Generally known as sleeping sickness, human African trypanosomiasis is a parasitic infection transmitted by tsetse flies that occurs in sub-Saharan Africa. In its latter stage, it attacks the central nervous system, causing severe neurological disorders and death if left untreated. More than 95 per cent of reported cases are caused by the parasite Trypanosoma brucei gambiense, which is found in western and central Africa. The other 5 per cent of cases are caused by Trypanosoma brucei rhodesiense, which is found in eastern and southern Africa. The reported number of new cases fell by 77 per cent between 1999 and 2014 (from around 28,000 to 3,700).
During the first stage, the disease is relatively easy to treat but difficult to diagnose, as symptoms such as fever and weakness are non-specific. The second stage begins when the parasite invades the central nervous system and the infected person begins to show neurological or psychiatric symptoms, such as poor coordination, confusion, convulsions and sleep disturbance. Accurate diagnosis of the illness requires a sample of spinal fluid.

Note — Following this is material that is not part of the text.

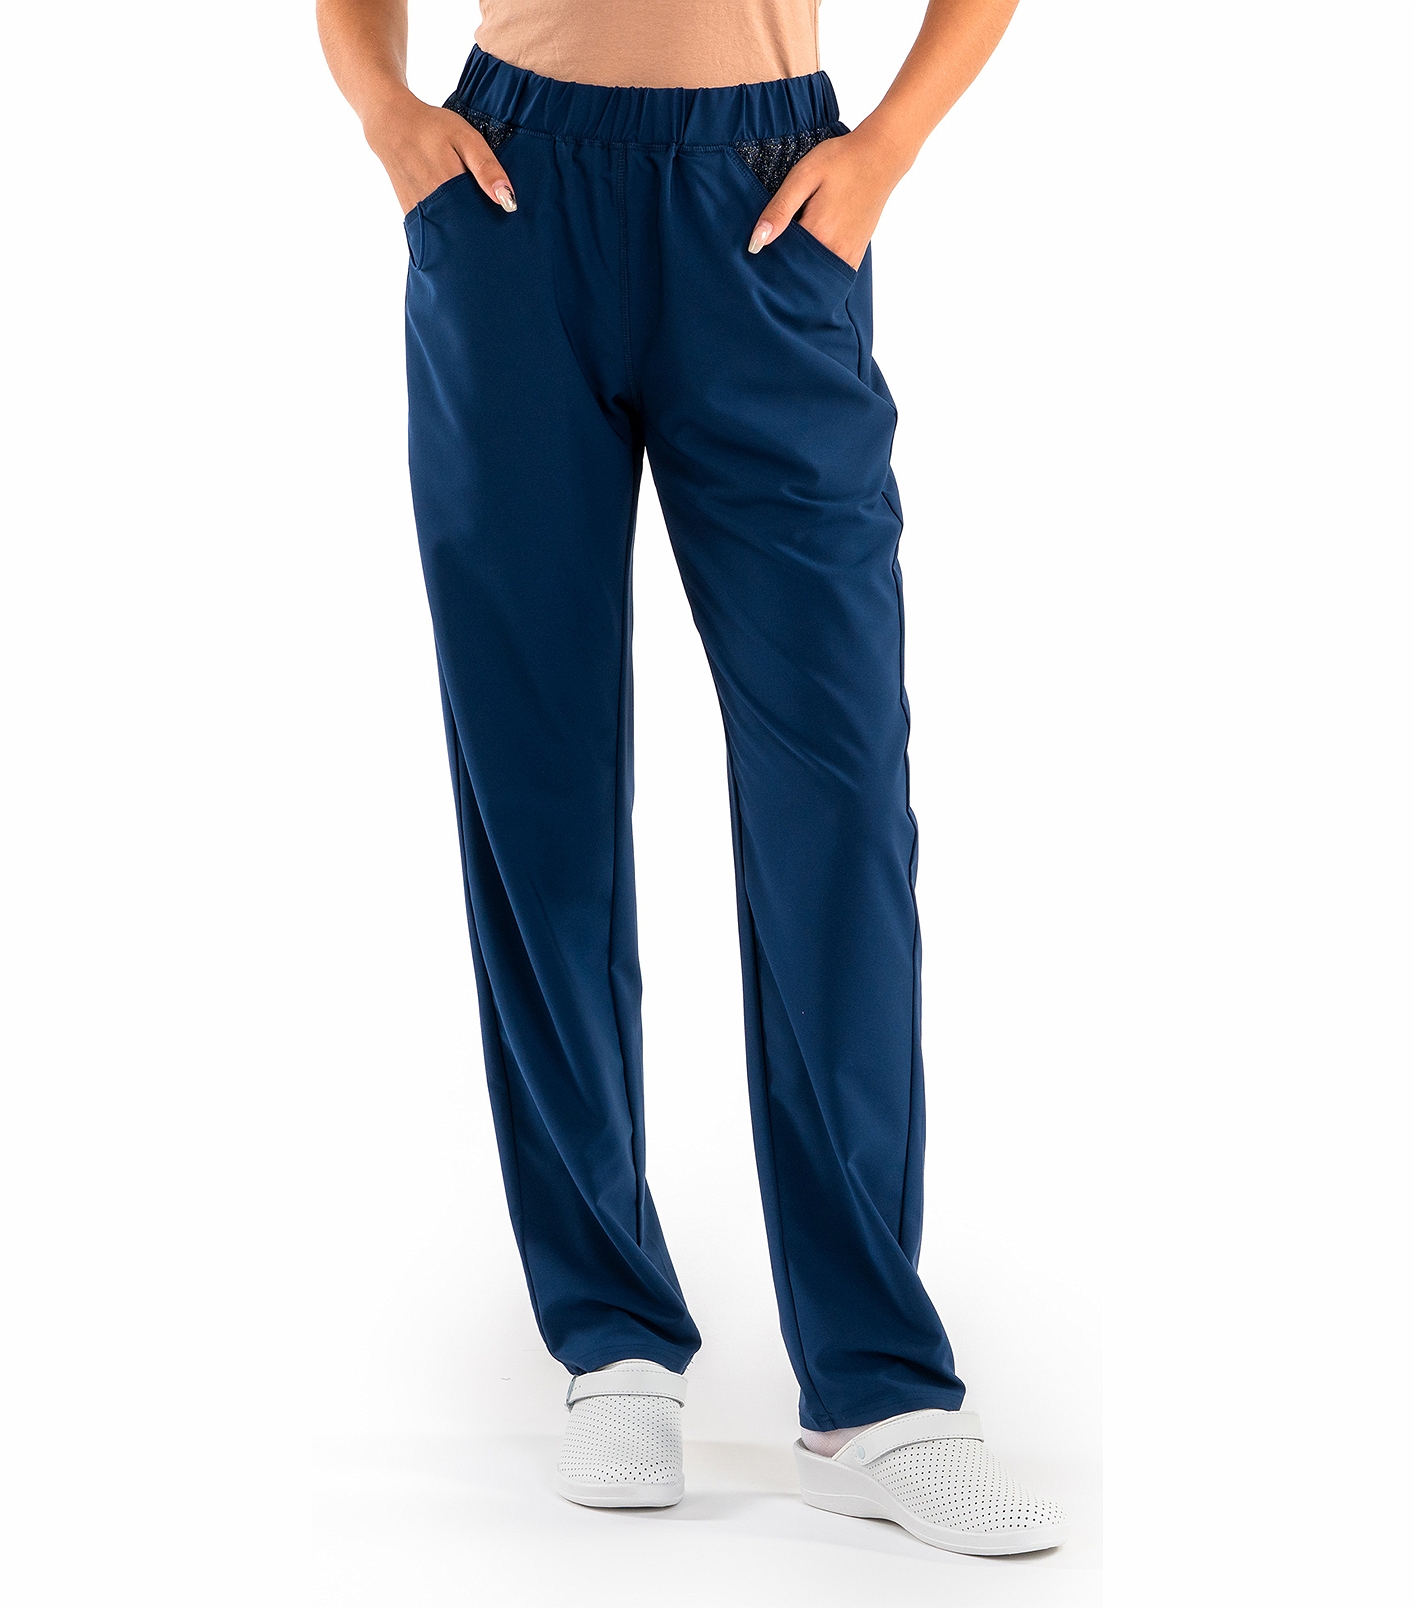 Worked In Women's Fashion Scrub Pants With Stylish Shimmer SD304B ...

Nifurtimox-eflornithine combination therapy or NECT, developed by MSF, Drugs for Neglected Diseases initiative (DNDi) and Epicentre, is now the World Health Organization recommended protocol. NECT is much safer than melarsoprol, the drug that was previously used to treat the disease, and which is a derivative of arsenic. Melarsoprol causes many side effects and can even kill the patient. It is hoped that the new molecules currently under clinical trial will lead to the development of a safe, effective treatment for both stages of the disease that can be administered orally.